Муж, когда его толстой скрученной фланелькой вязали, кричал, что он просто окна хотел помыть! В доказательство тыкал ведром и шваброй. И Лизанька рыдала: «Ты папочку в дурку упекла!».
Что ж, не отрицаю. Он у меня считался «тихим». Можно было его держать дома, время от времени амбулаторно вправляя мозги.
Но у меня не только дома порядок, но в голове всё разложено по полочкам. И я как бухгалтер привыкла планировать и просматривать события на десять ходов вперёд. Всё у меня рассчитано, разбито по пунктам.
Во-первых, Лизаньке рано или поздно надо замуж выходить. А нужно ли нам такое сомнительное приданое, как подмоченная репутация, ползущие по городу слухи психбольном отце? Кто за себя дочку шизика возьмёт? Это же по наследству детям может передаться!
Во-вторых, мужу по его болезни дали вторую группу — слёзы, а не пенсия. На себе его я тащить не намерена: Боливар двоих не вынесет. Боливар — это моя худенькая зарплата в ЖЭКе.
А в лечебнице для душевнобольных — тут тебе и трёхразовое питание, и бесплатные лекарства, и казённая пижама. Опять же, зимнее не надо покупать — психов на улицу не выпускают.
Ну, и плодотворное общение с себе подобными. Уж они в палате с интересом послушают и про шампуни с микрочипами, и про солнечный удар. Вместе дохлых мух между оконными рамами посчитают…
А в третьих, один к одному. У мужа давно пустовала родительская трёшка квартира в центре. Я, сразу после свадьбы, предложила её сдавать квартирантам.
Но тихий, покладистый муж встал на дыбы. Да в этих стенах он родился, да мама с тётей тут жили, да мама с тётей здесь померли. Не пущу чужих людей!
И что теперь, музей имени мамы и тёти прикажете в трехкомнатных хоромах открывать? Скажите, какие сантименты.
Когда мужа признали недееспособным, я оформила над ним опеку. И теперь с полным правом могла распоряжаться его имуществом. А что ж, Лизаньку нужно растить, учить, одевать.

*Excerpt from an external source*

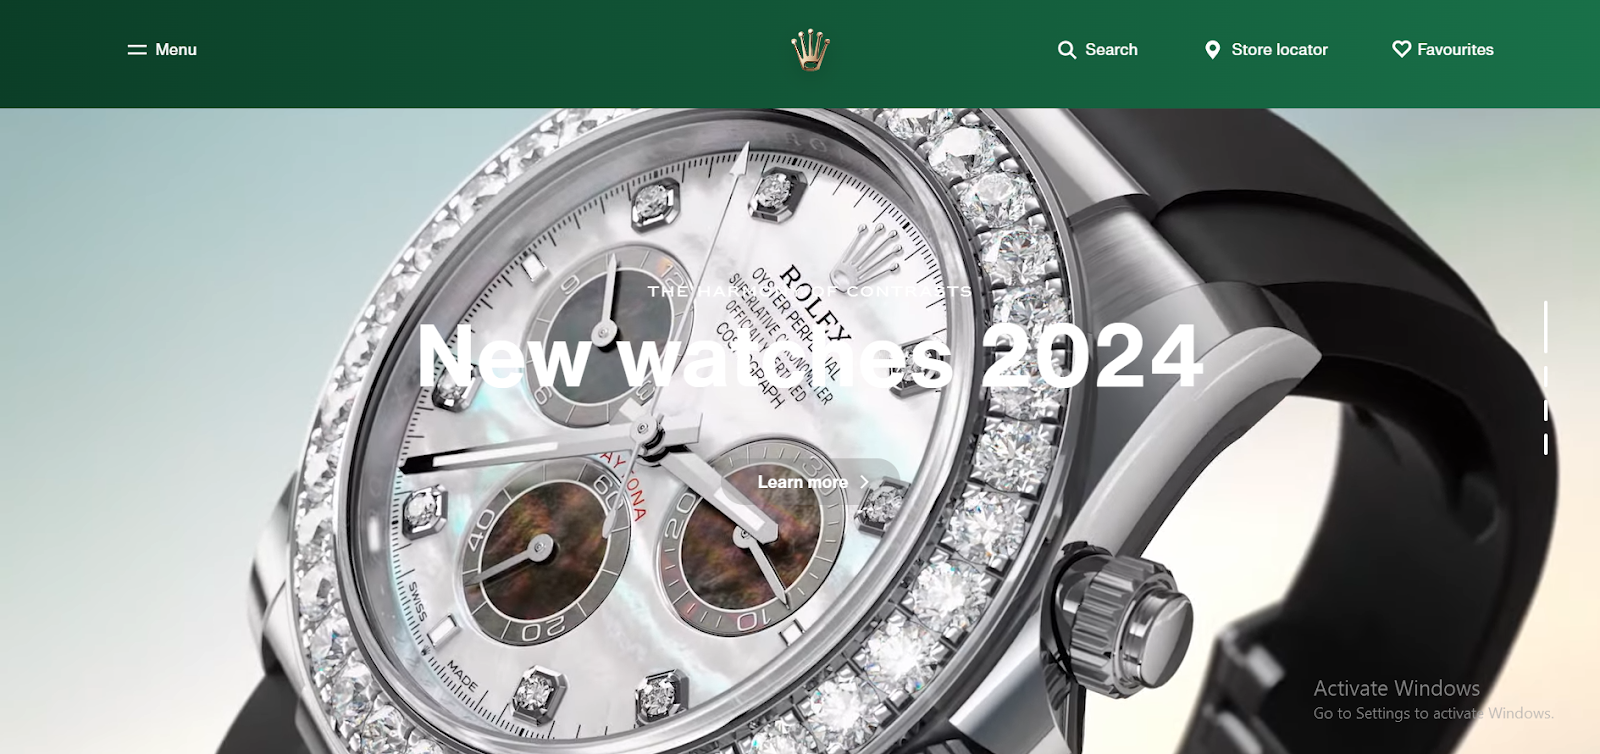 video as background image css example from rolex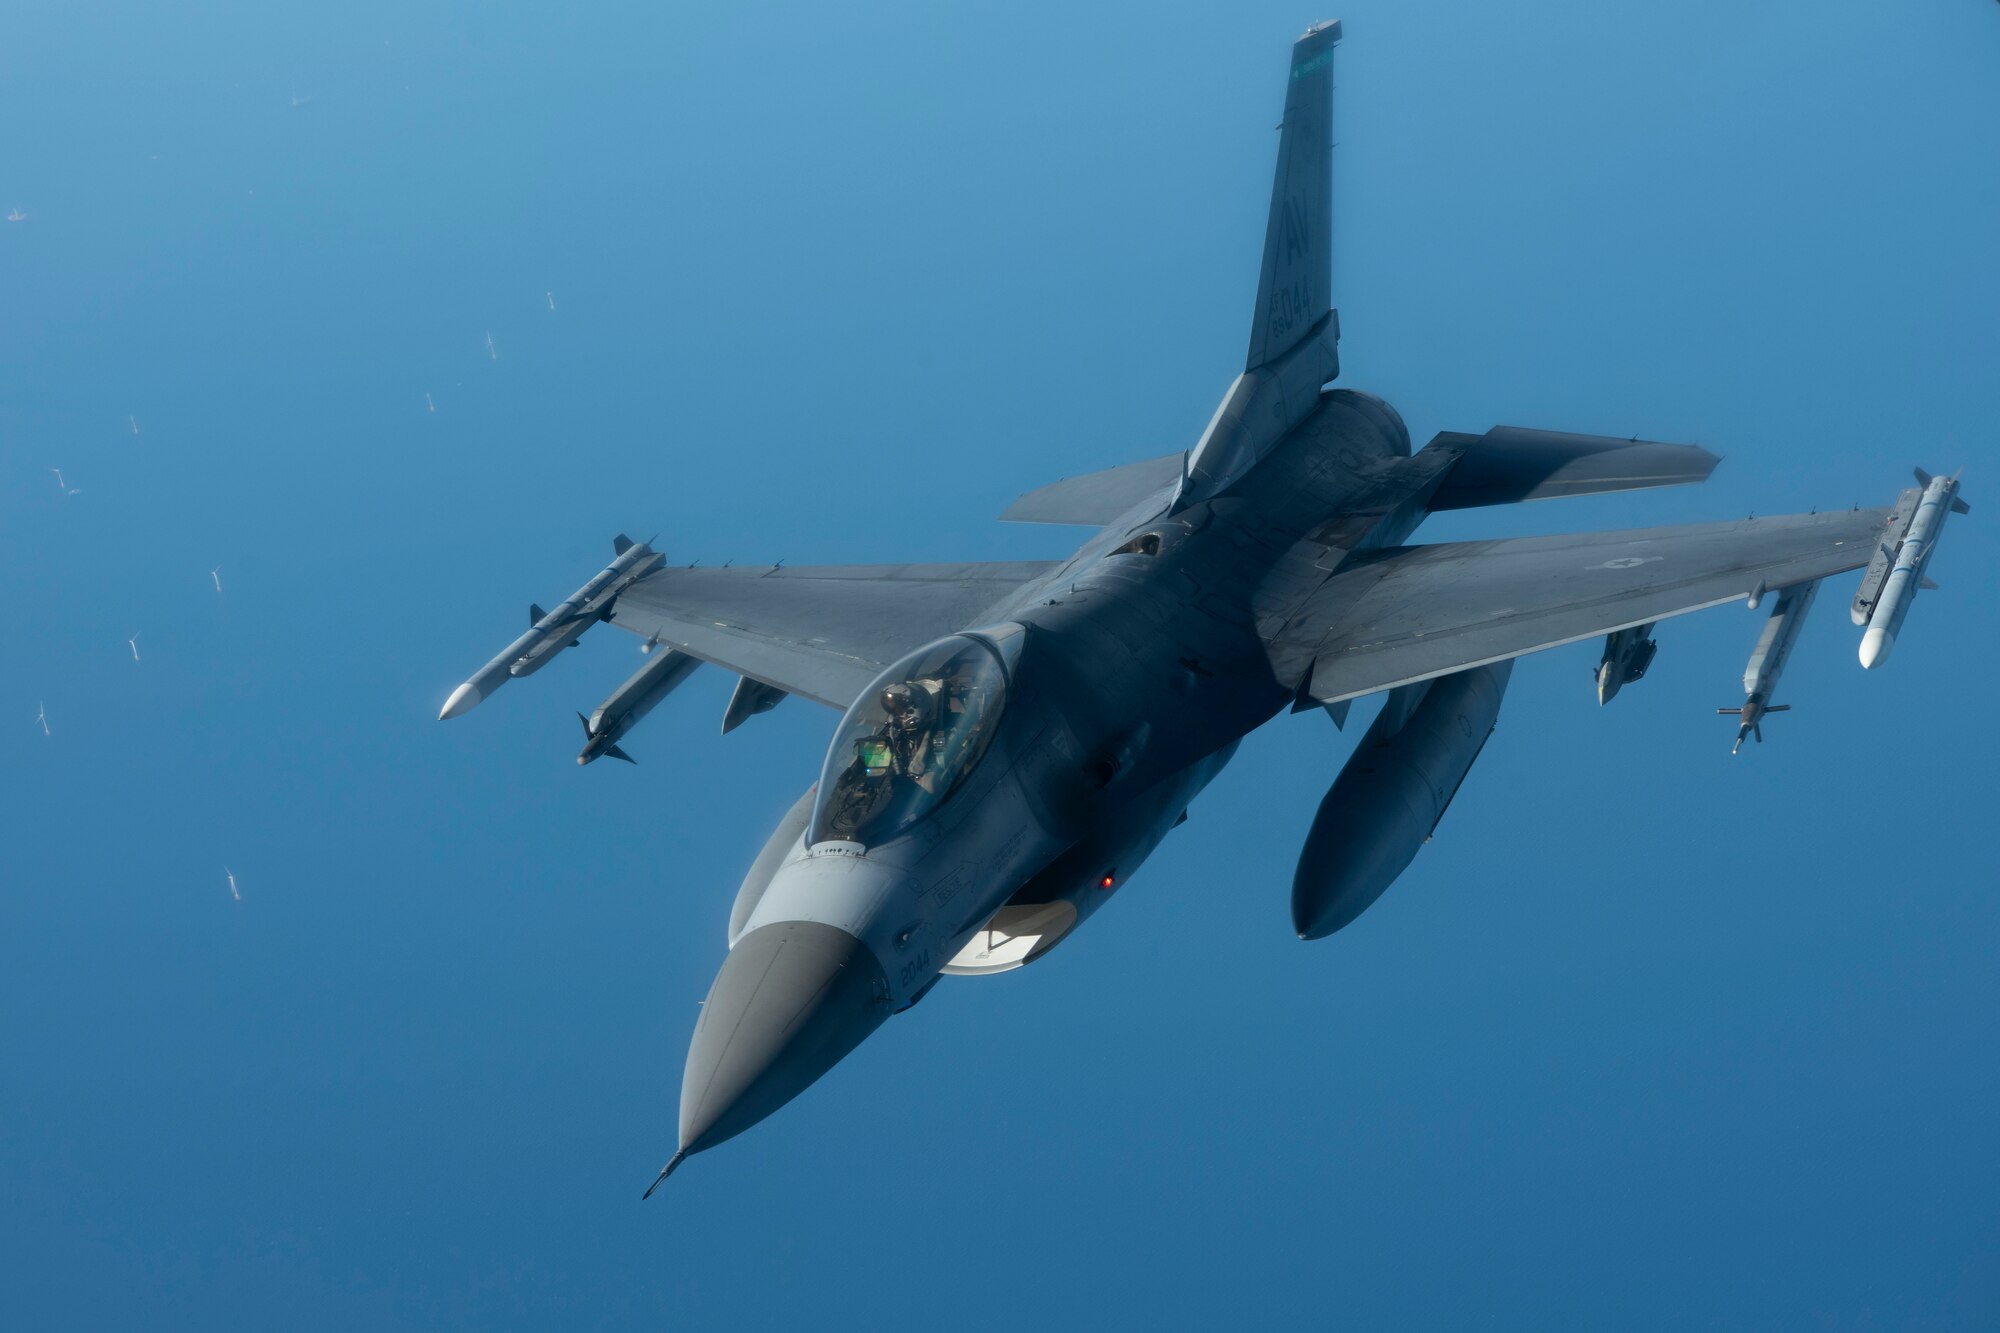 A U.S. Air Force F-16C Fighting Falcon aircraft assigned to the 31st Fighter Wing departs after receiving fuel from a KC-135 Stratotanker aircraft assigned to the 100th Air Refueling Wing over the North Sea during exercise Cobra Warrior 22, Sept. 21, 2022. The partnerships created through recurring training events like Cobra Warrior, better support the ability to employ a strategic force in theater whenever called upon. (U.S. Air Force photo by Tech. Sgt. Anthony Hetlage)

— Ну, ты стратег! — восхищённо воскликнула подружка-журналист. — Многоходовочник. Полководец. Прямо Юлий Цезарь! Наполеон!! Путин!!!
* * *
Сначала сдавала по комнатам. Потом вижу: прибыли кот наплакал, едва отбиваю коммунальные платежи. Решила устроить хостел. Хочешь — на ночь, хочешь — на час.
Рука у меня лёгкая на гостиничный бизнес оказалась. Постоянные клиенты завелись — я их про себя кроликами называла. Деньги не то чтобы рекой — но стабильным ручейком потекли.
Доработала до Нового года в ЖЭКе и уволилась. Будя, насосались моей кровушки, наигрались на нервах. Надоело от страха трястись, под вечной статьёй ходить. Обнаружь что ревизия — меня первую посадили бы. Ищите другую козу отпущения.
* * *
Когда моя Лизанька махонькая была, до дыр засматривала кассету с «Золотой антилопой». В ней, в сказке этой, всё, к чему бы ни прикоснулся султан, — превращалось в золото. И султан умер от голода. Очень поучительный мультфильм.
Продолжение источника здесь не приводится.